The minority shareholders of a private limited company shall be bestowed with the right to get minority discount. It is a discount which is assigned to minority shareholders when a private limited company values its shares to transfer or sell off such shares of the company. This generally acts an indication that the shares held by minority shareholders are of not that much importance as generally shares are and the minority shareholders do not have much ownership in the company. Contrary to aforementioned belief, in practicality, a minority shareholder owns fewer shares as compared to other investors, but they are bestowed with all the benefits which are supposed to be given to stock owners of a company.This proves to be an advantage of becoming a minority shareholder in a company.

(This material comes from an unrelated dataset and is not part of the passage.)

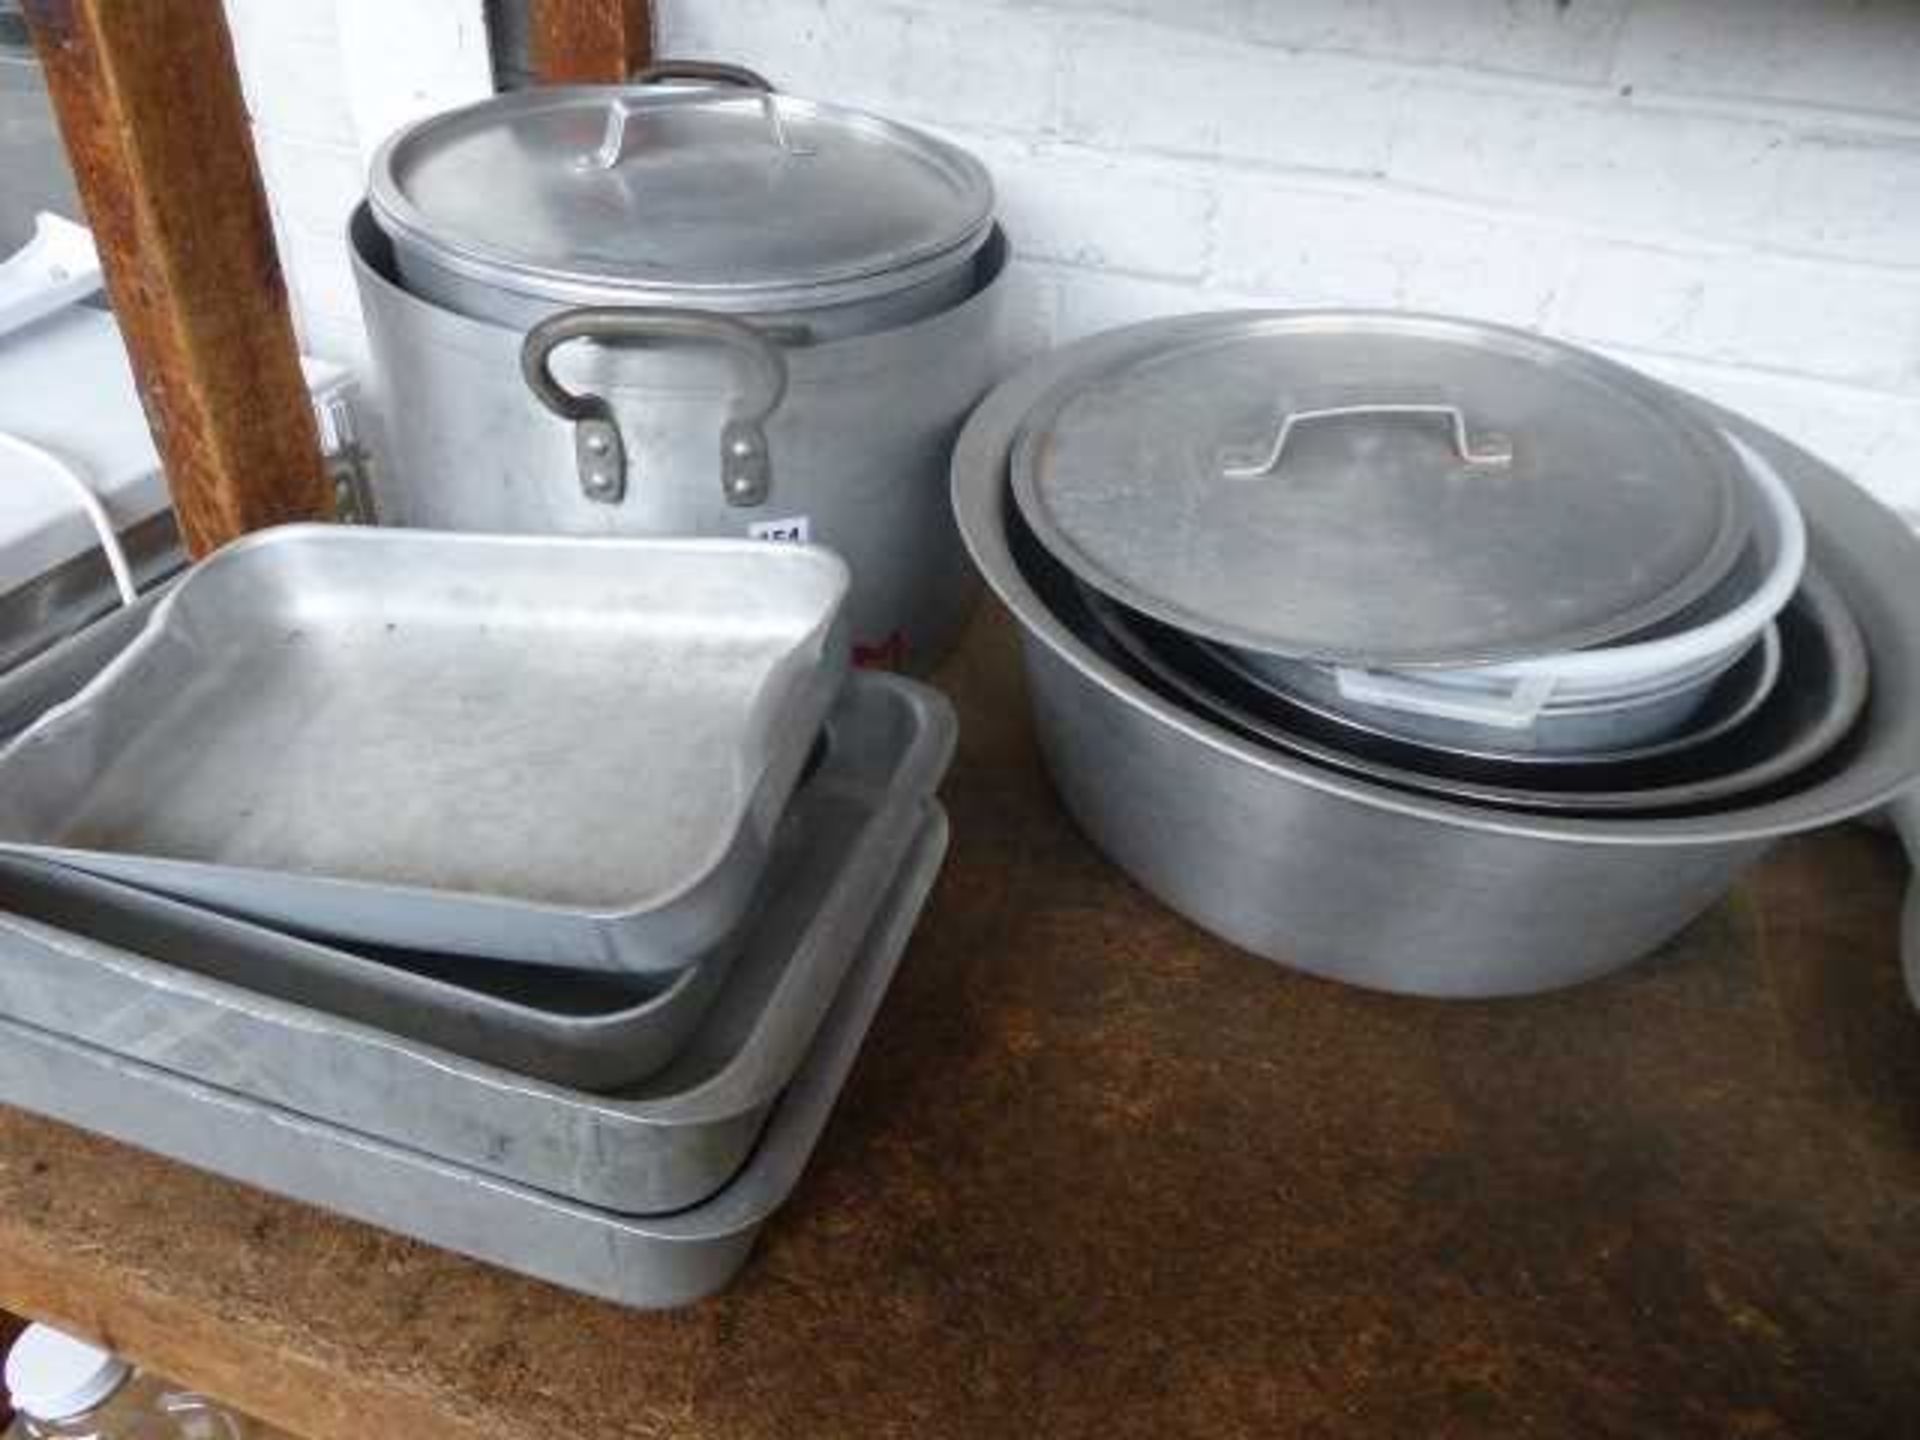 Aluminium cooking pots and pans (some with lids), mixing bowls and baking trays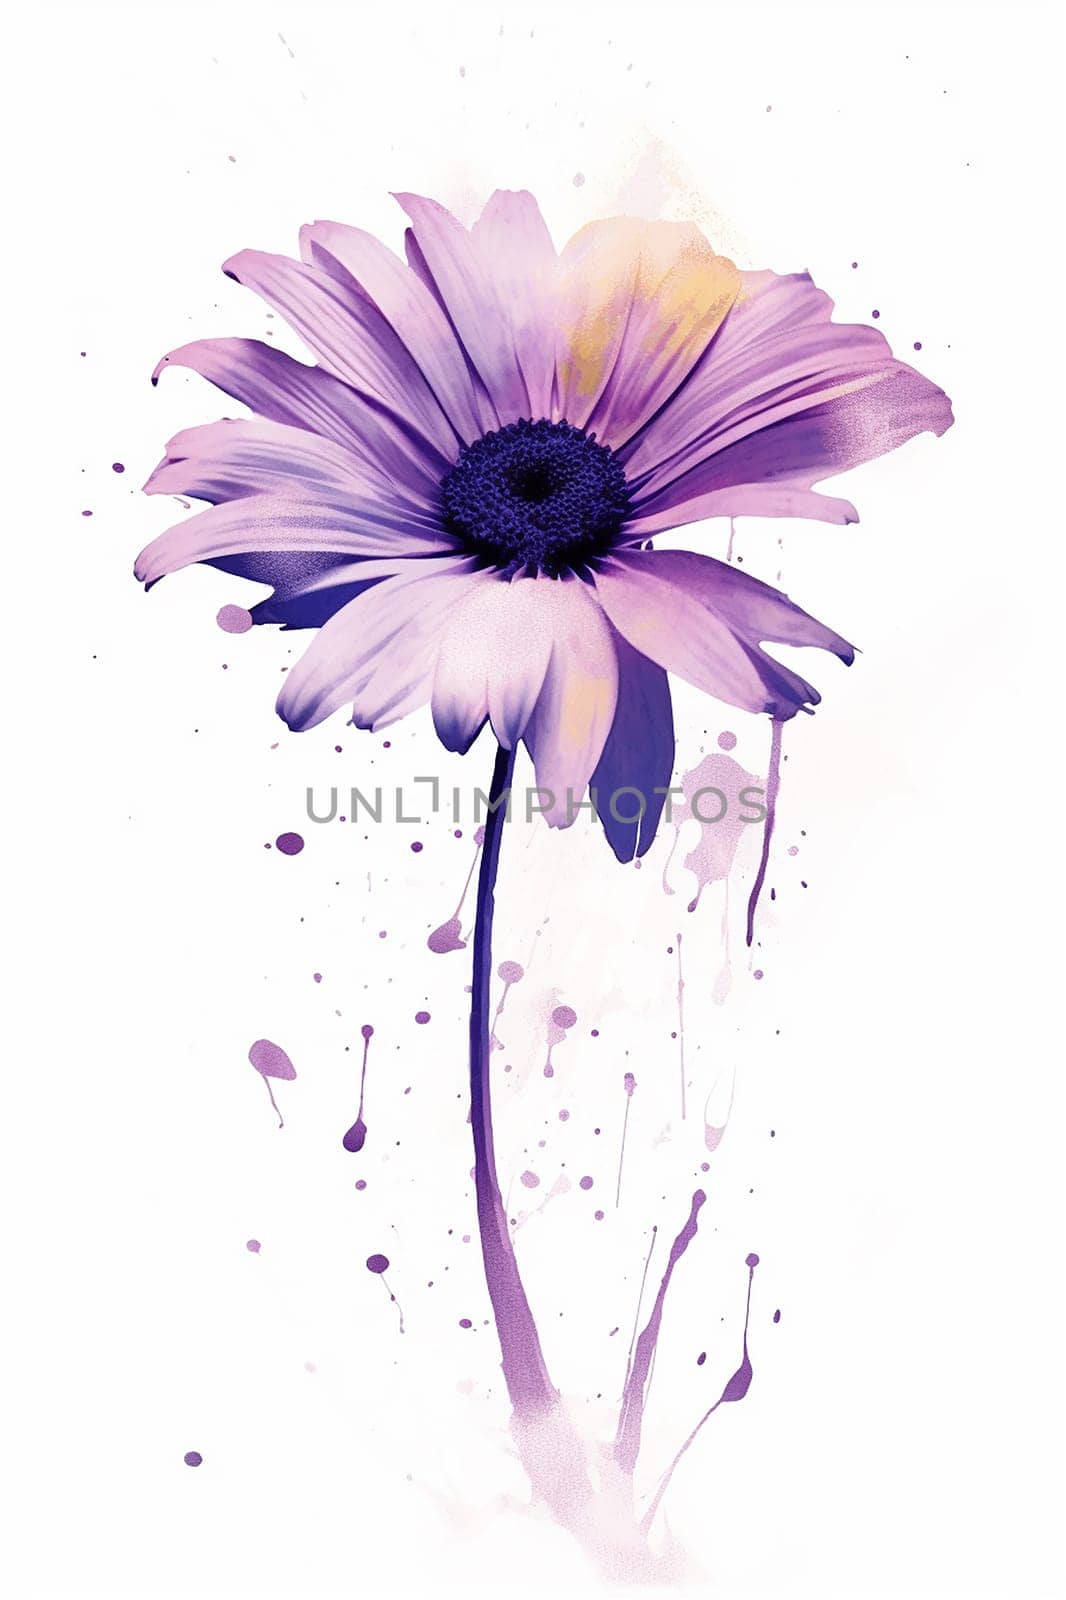 A stylized purple daisy with watercolor splashes. by Hype2art

Benefits of shareholders of a company

All the minority shareholders akin to the other majority shareholders are entitled to receive dividends at particular intervals of time. It is quintessential to mention the same separately to ensure that the rights of such minority shareholders of the company are not oppressed by the majority shareholders of the company. Further, if the rights of a minority shareholder of a company are being violated then such minority shareholder can always consult an attorney who can assist such minority shareholder to protect his/her rights in the company.[4]

Shareholder’s Agreement

The document is generally used by the companies and the shareholders to agree on terms relating to additional rights of the shareholders in a company. These rights include rights of shareholders relating to board meetings, access to additional information and documents of the company, management of the company and liquidation. A typical Shareholder’s Agreement shall contain rights, obligation, operational control and liabilities of shareholders in the company. Generally, this document is not required to be made public but certain clauses relating to management and governance are required to be listed in the Articles of Association which is a public document. Apart from this, commercial agreements are not required to be mentioned in public and can be kept to the company and its members. In a private limited company, there are restrictions on transferability of shares and no person or member for this purpose can contravene the same. Therefore, while entering into any shareholder agreement the company, its promoters and other members who are a party to such agreement shall keep in mind the restriction on transferability of shares and shall draft such agreement in the same manner to not violate this law mentioned under the Act.[5] This Agreement shall also not be enforceable against any third party as in accordance with the general rule of privity of the contract an agreement is only enforceable against parties to contract and not against third parties. 

Conclusion

This article aims to give the reader all the knowledge about the legal aspect of shareholders in a private limited company. It also talks about the right of minority shareholders along with the duties of shareholders in a private limited company. It also briefly talks about the shareholder’s agreement which is required to understand the relationship between a company and its shareholders and the determination of terms and conditions between both. The article peruses all the aspects of the shareholders in a private limited company.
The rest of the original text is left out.